MARY: And we still don’t. Really, Cat, you ought to listen to us when we tell you there are certain things we don’t want the general public to know. After all, these are our lives.

 

CATHERINE: Who is this we? You’re the only one who ever objects to anything. Diana says include more of her misadventures, Beatrice wants to make sure we address social issues, and Justine never objects to anything, no matter how personal.

 

JUSTINE: Forgive me, Mary, but I believe it is best for readers to understand the truth. Perhaps, in some way, they will see themselves in us and our experiences. That is what literature does, is it not?

 

MARY: If you call this literature! I mean, Catherine is a good writer—you’re a good writer, Cat, I’m not saying otherwise. But this isn’t Shakespeare or George Meredith!

 

CATHERINE: George Meredith is a bore. Anyway, since when have you been a literary critic?
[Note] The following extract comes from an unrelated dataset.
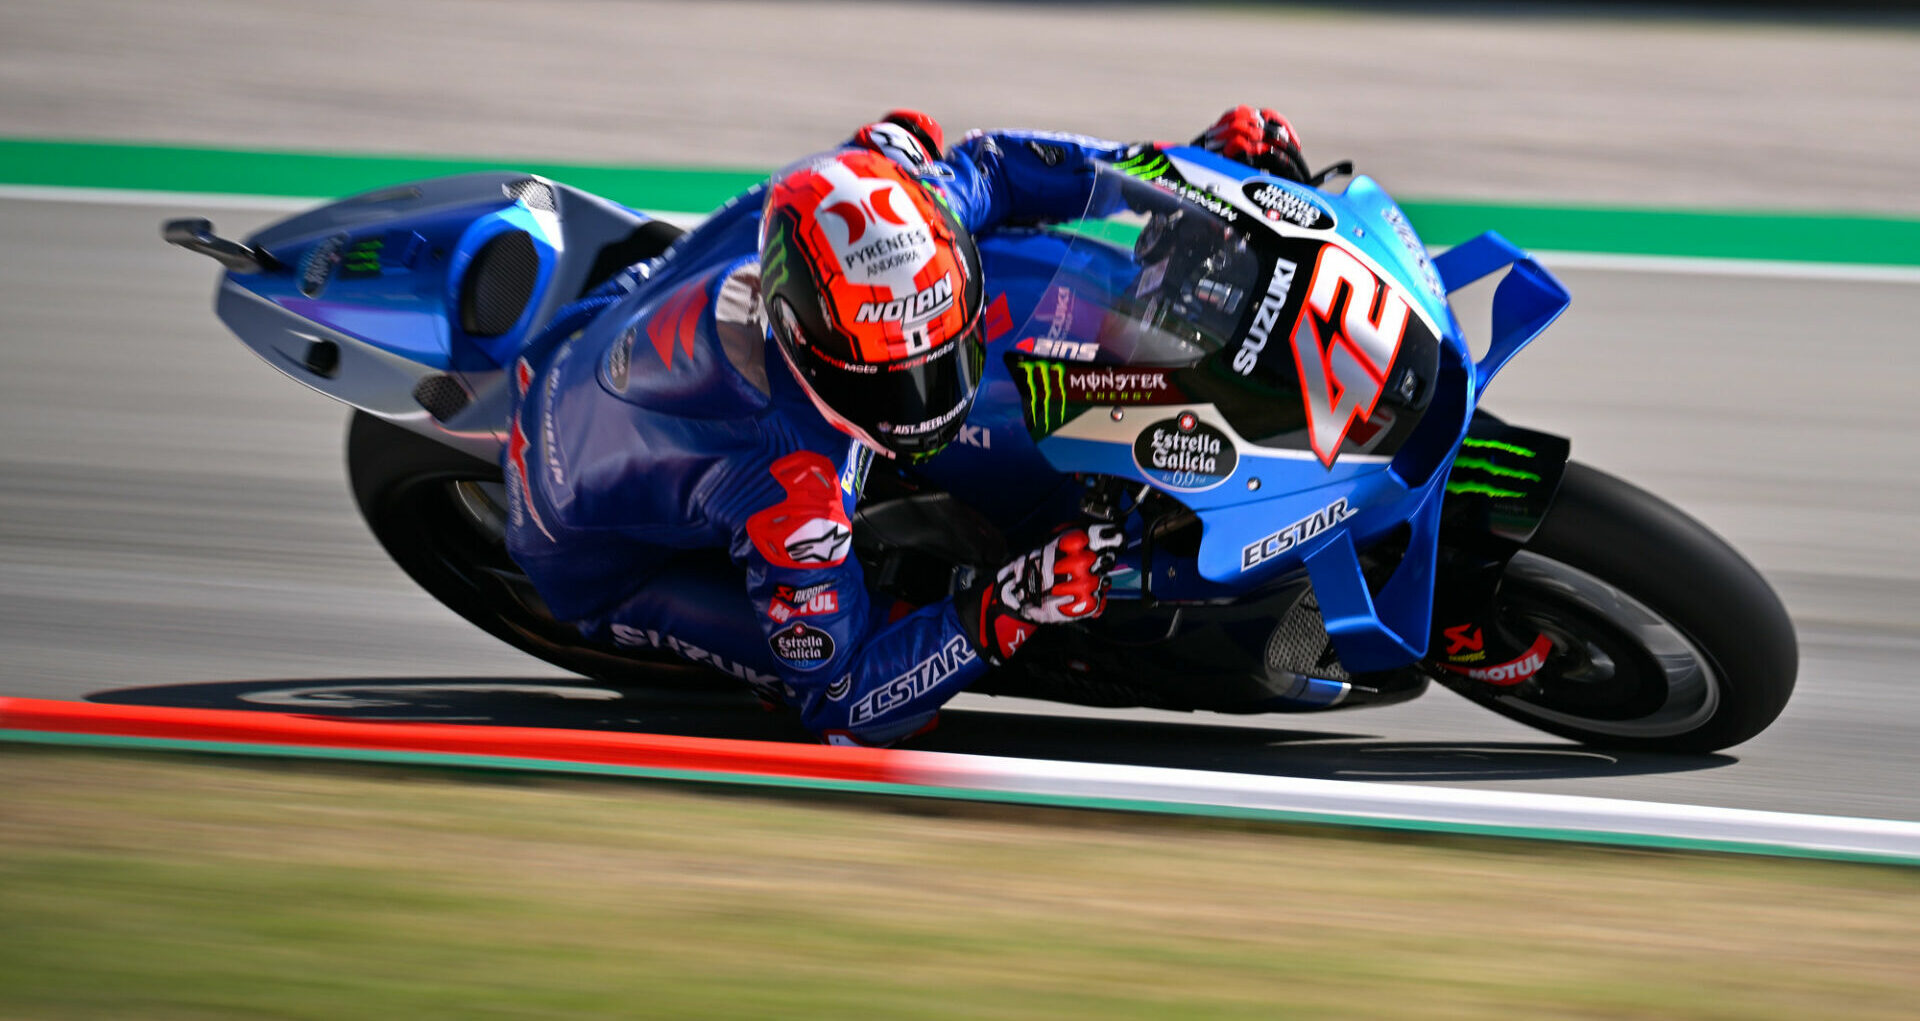 Alex Rins (42) in action at Catalunya. Photo by Kohei Hirota.

You’re just upset because I keep writing about things that you think are embarrassing.

 

MARY: Well, yes. There is that.

 

“I see a village,” said Diana.

“Where?” Catherine walked up to where Diana was standing, on a stile in a stone wall. Yes, there to their left was a village that had not been visible through the hedge. She could see stone houses with flowers growing out of the rough walls that surrounded them, along a street that wound uphill toward a church steeple visible above their slanted roofs. It was a small place, much smaller than Marazion, with none of the seaside shops or tearooms. She looked down at the map she and Mary had bought yesterday, and that Mrs. Davies had marked with an X for the location of Kyllion Keep. “There isn’t supposed to be a village between Marazion and the keep.”